* [Records for the task]:
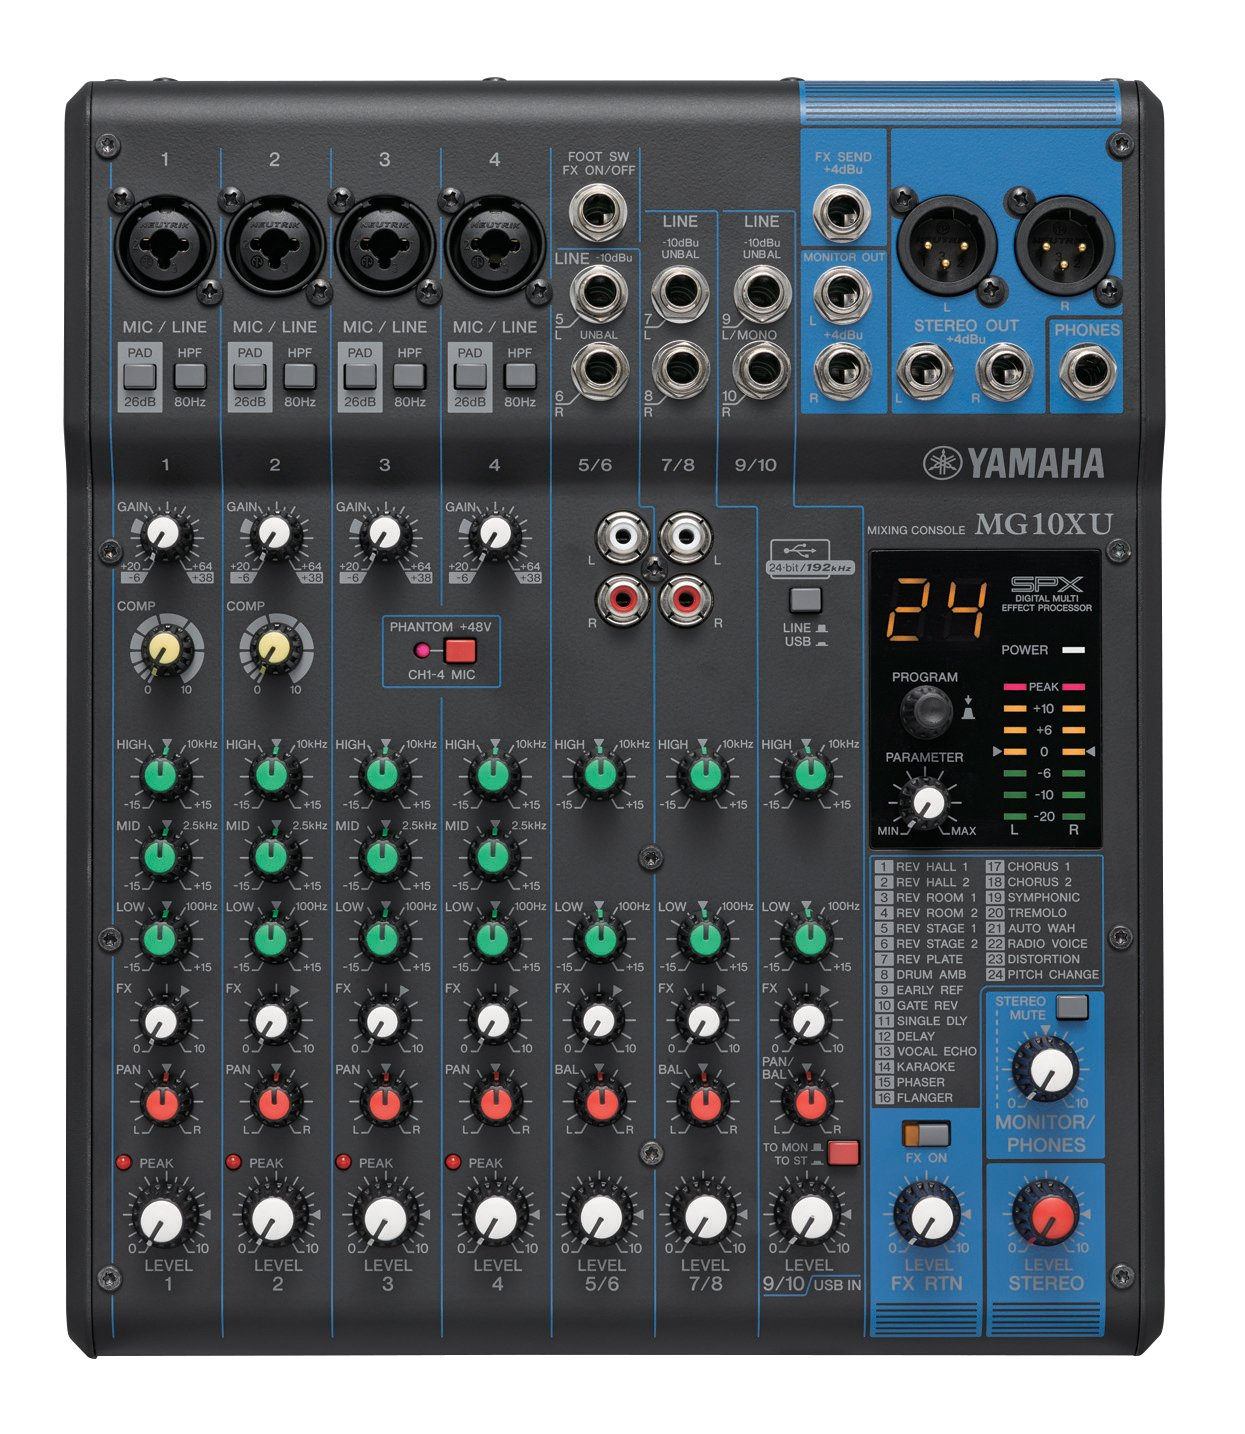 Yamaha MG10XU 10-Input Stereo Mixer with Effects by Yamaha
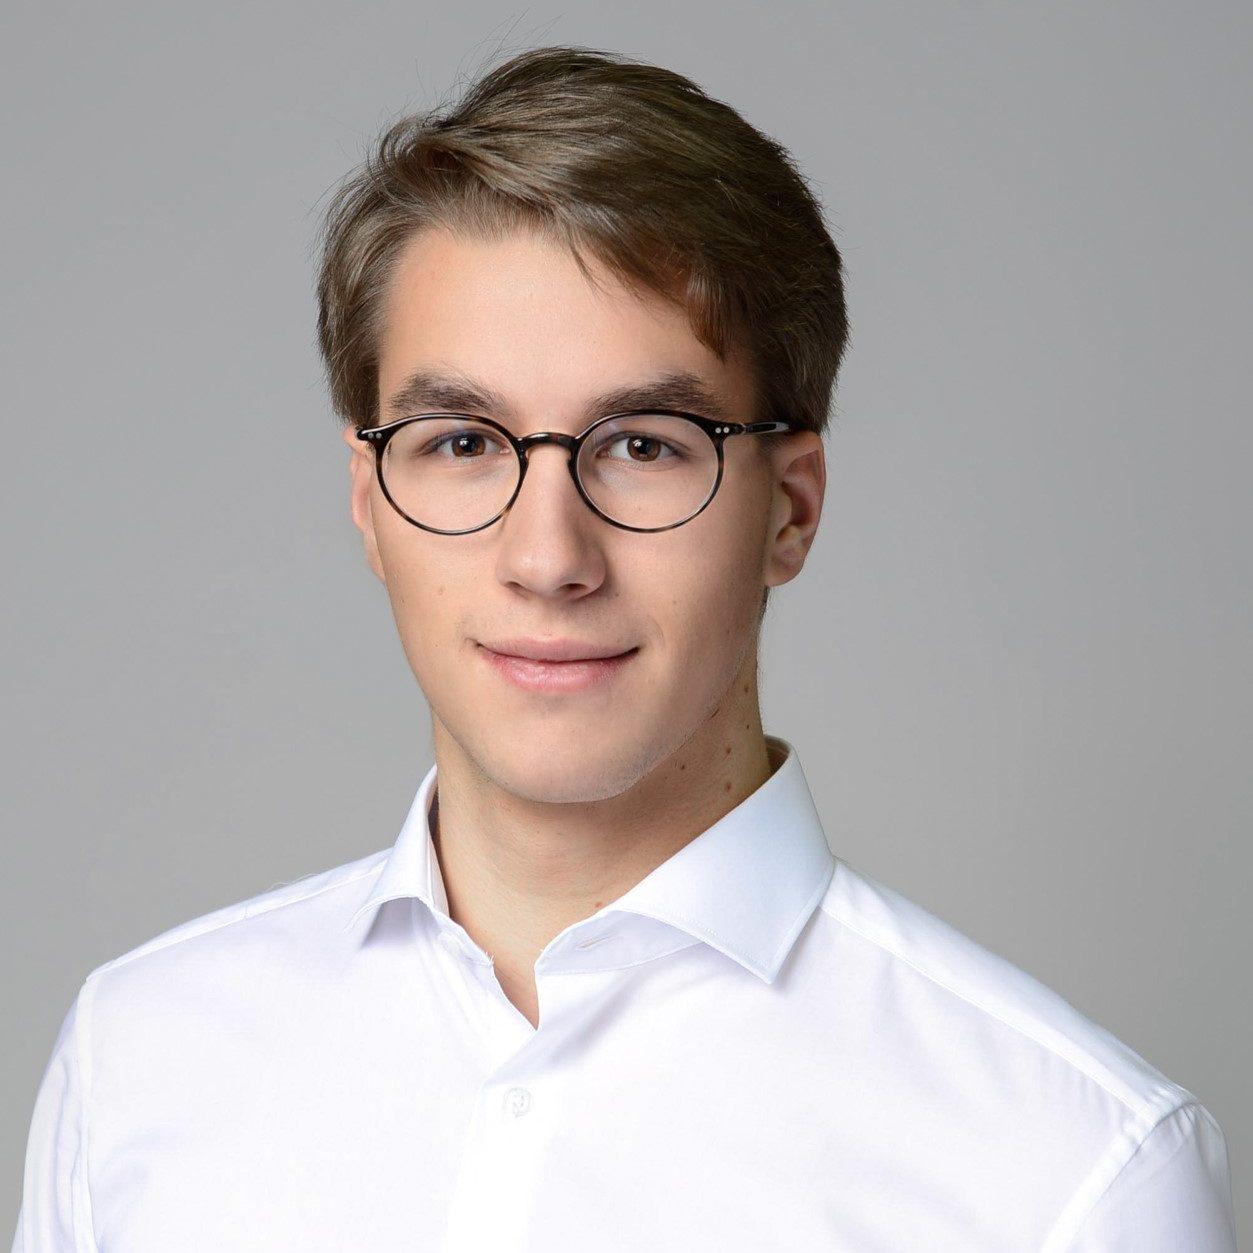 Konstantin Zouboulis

--

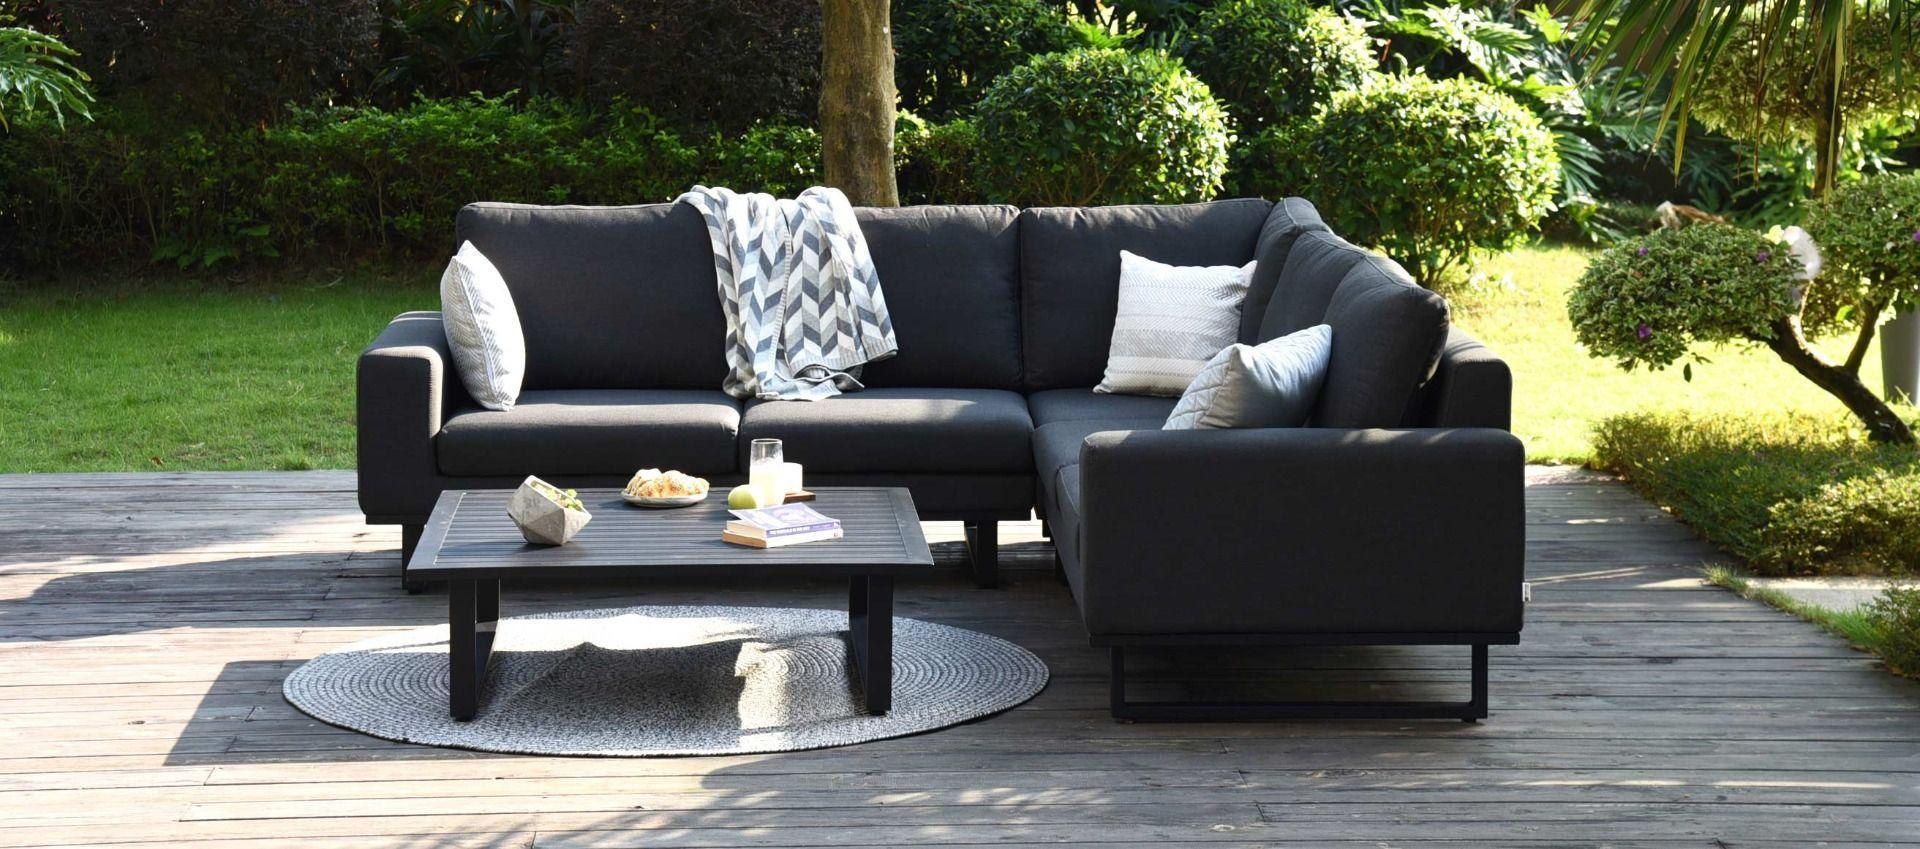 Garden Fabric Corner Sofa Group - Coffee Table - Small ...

...

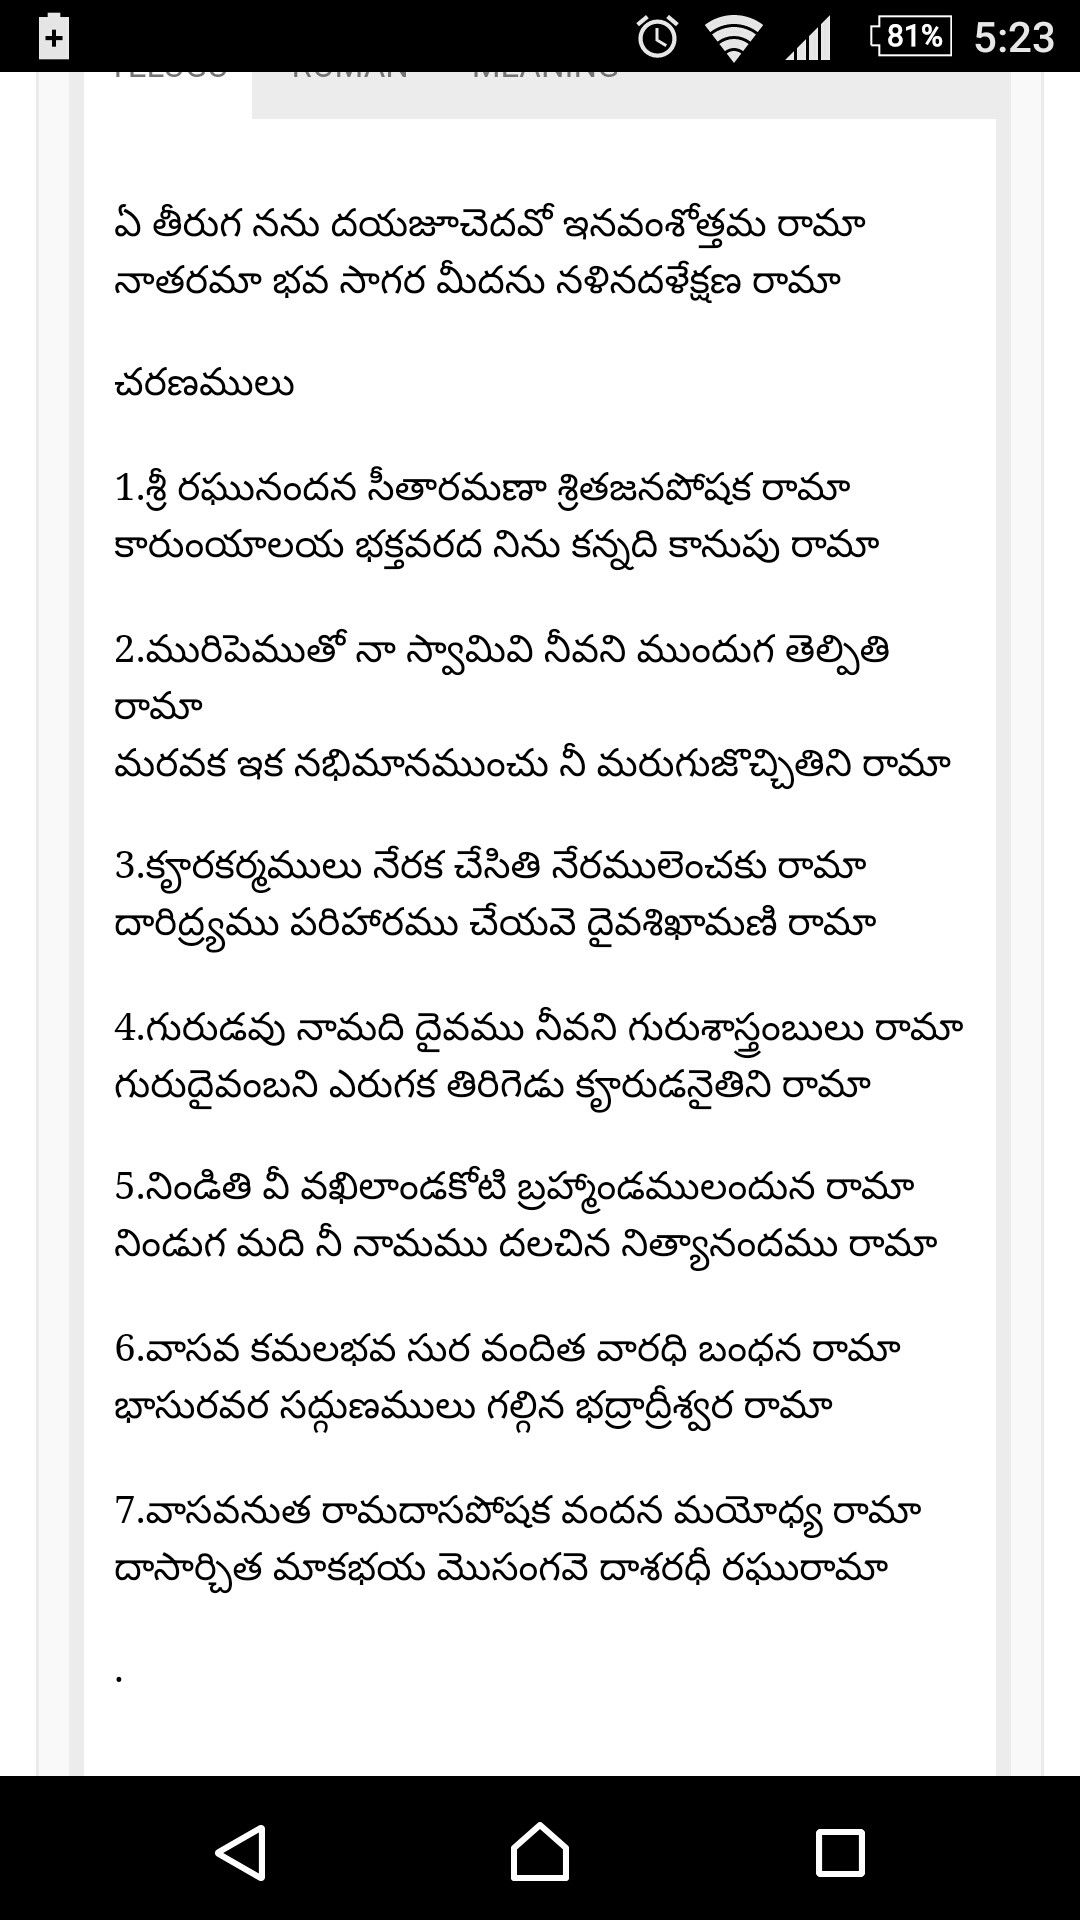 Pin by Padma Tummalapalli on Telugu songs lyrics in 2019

* [Your objective]:
Above this task is a listing with pictures in it. Retype only the lines from the one containing "Yamaha MG10XU 10-Input" through the one containing "Konstantin Zouboulis", both included, and not the pictures.

* [Solution to this problem]:
 Yamaha MG10XU 10-Input Stereo Mixer with Effects by Yamaha
 Konstantin Zouboulis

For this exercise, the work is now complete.